Very wise indeed. Hate that for him. At least he was stand up enough to still commit via video.


----------



## Ivan (Oct 2, 2010)

Marrow Man said:


> Very wise indeed. Hate that for him. At least he was stand up enough to still commit via video.



He said that he would either come to Minneapolis or Piper could come to Saddleback and they could do a panel discussion. We may not agree with him on all points, but I believe he is a person of intergrity.


----------



## Semper Fidelis (Oct 2, 2010)

Well, from Warren's teaching, it is clear that the size of his Church is his imagination and willingness to dream big dreams.


----------



## DMcFadden (Oct 2, 2010)

Rich,

Where did he get his doctorate again?  Hmmmmm.
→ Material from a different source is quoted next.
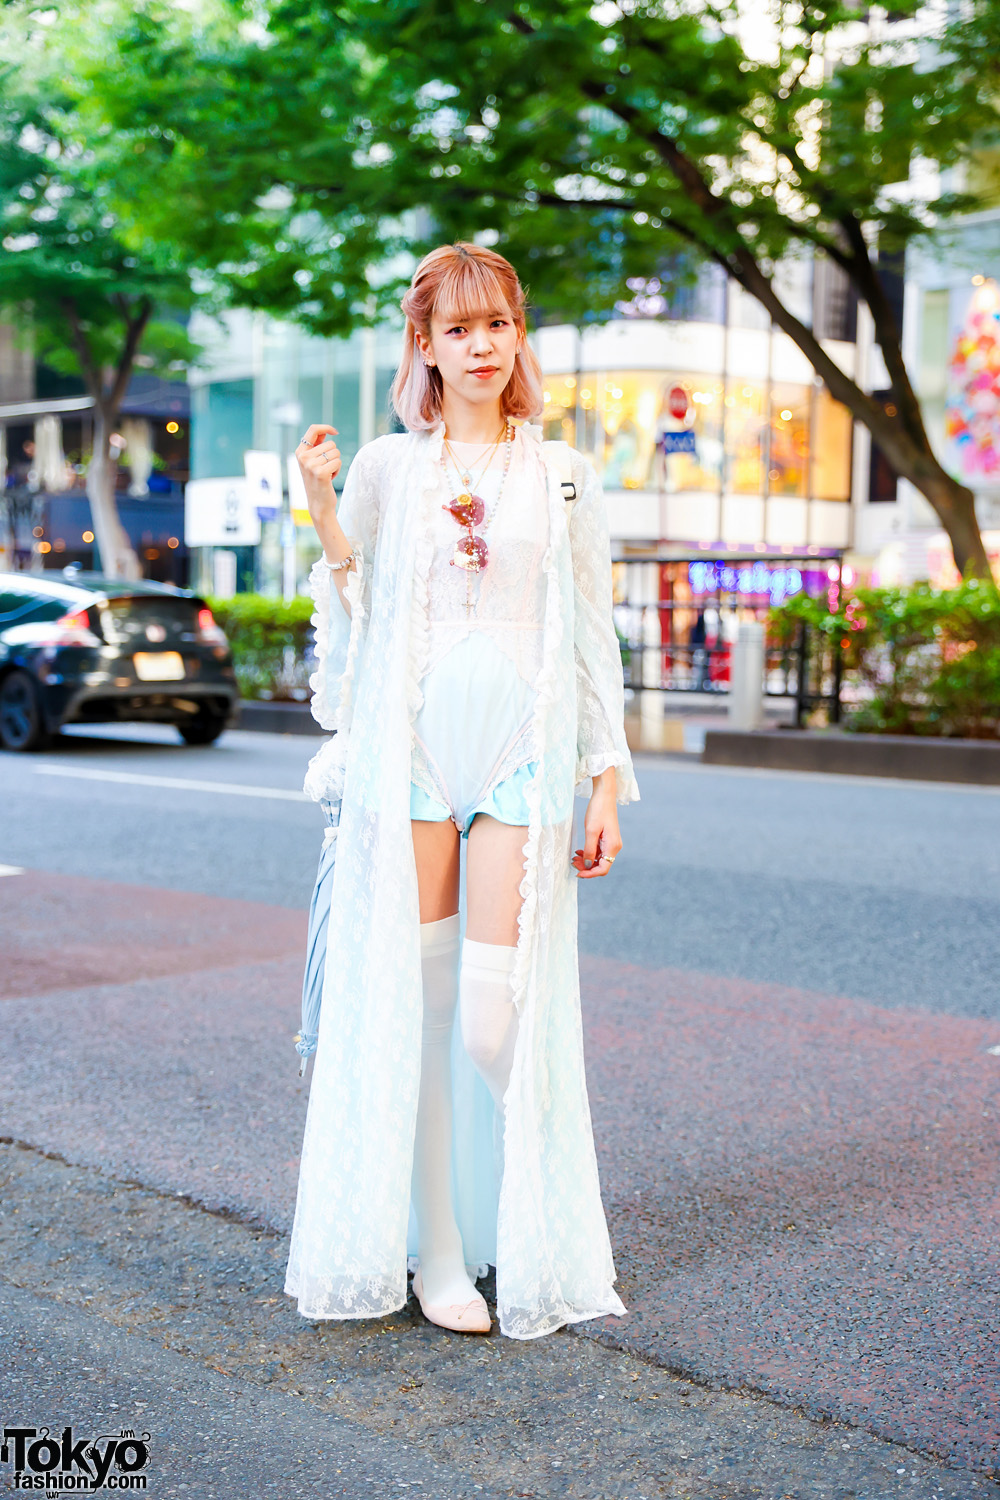 Fashion Designer in White Lace Romper, Thigh-High White Stockings, H&M Ballerina Flats, Resale Polka Dot Sling Bag, Rose Tint Sunglasses, Medallion Necklaces, Rosary Necklace & Stone-Embellished Rings

Hint: According to Google Maps it is 5.5 miles and 12 minutes from me.


----------



## Ivan (Oct 3, 2010)

DMcFadden said:


> Rich,
> 
> Where did he get his doctorate again?  Hmmmmm. Hint: According to Google Maps it is 5.5 miles and 12 minutes from me.


 
Fuller Brush....er, I mean Seminary.


----------



## Michael (Oct 3, 2010)

3 Rick Warren quotes from DGNC10 [quotes collected from twitter posts from the conference]

"Try Jesus for 60 days or your money guaranteed back!"

"The biggest mistake that churches make is we think that sermons will produce spiritual maturity."

"Preaching and prayer doesn't grow a church."


----------



## N. Eshelman (Oct 3, 2010)

Michael said:


> 3 Rick Warren quotes from DGNC10 [quotes collected from twitter posts from the conference]
> 
> "Try Jesus for 60 days or your money guaranteed back!"
> 
> ...


 
The first quote is strange. 
The second quote is correct- Good, biblical, exegetical, Christ-centered, experiential, applicatory sermons produce spiritual maturity. 
The third is correct- Christ builds his church.... through preaching and prayer.


----------



## Ivan (Oct 3, 2010)

Didn't hear any of that.


----------



## Michael (Oct 3, 2010)

Ivan said:


> Didn't hear any of that.


I'm not there so you know better. Just going off of twitter feeds....


----------



## Ivan (Oct 3, 2010)

Not sure I know better but I didn't hear those statements from Warren. Believe me, if Warren had been here it would have been most interesting. From the way Piper said he would have liked to ask him some questions, I think some very pointed questions would have been asked Warren. It just didn't work out. Providence.


----------



## awretchsavedbygrace (Oct 7, 2010)

Michael, Rick Warren did not say those things at the conference. What happened is that LaneCh tweeted those quotes that Warren allegedly has said in the past and posted them on the Desiring God Conference tag on twitter. Thus, people thought they were said at the conference. But LaneCh was simply posting them to show people what Warren (allegedly) has said.


----------



## Michael (Oct 7, 2010)

awretchsavedbygrace said:


> Michael, Rick Warren did not say those things at the conference. What happened is that LaneCh tweeted those quotes that Warren allegedly has said in the past and posted them on the Desiring God Conference tag on twitter. Thus, people thought they were said at the conference. But LaneCh was simply posting them to show people what Warren (allegedly) has said.


 
I see. Thanks and sorry for the confusion.


----------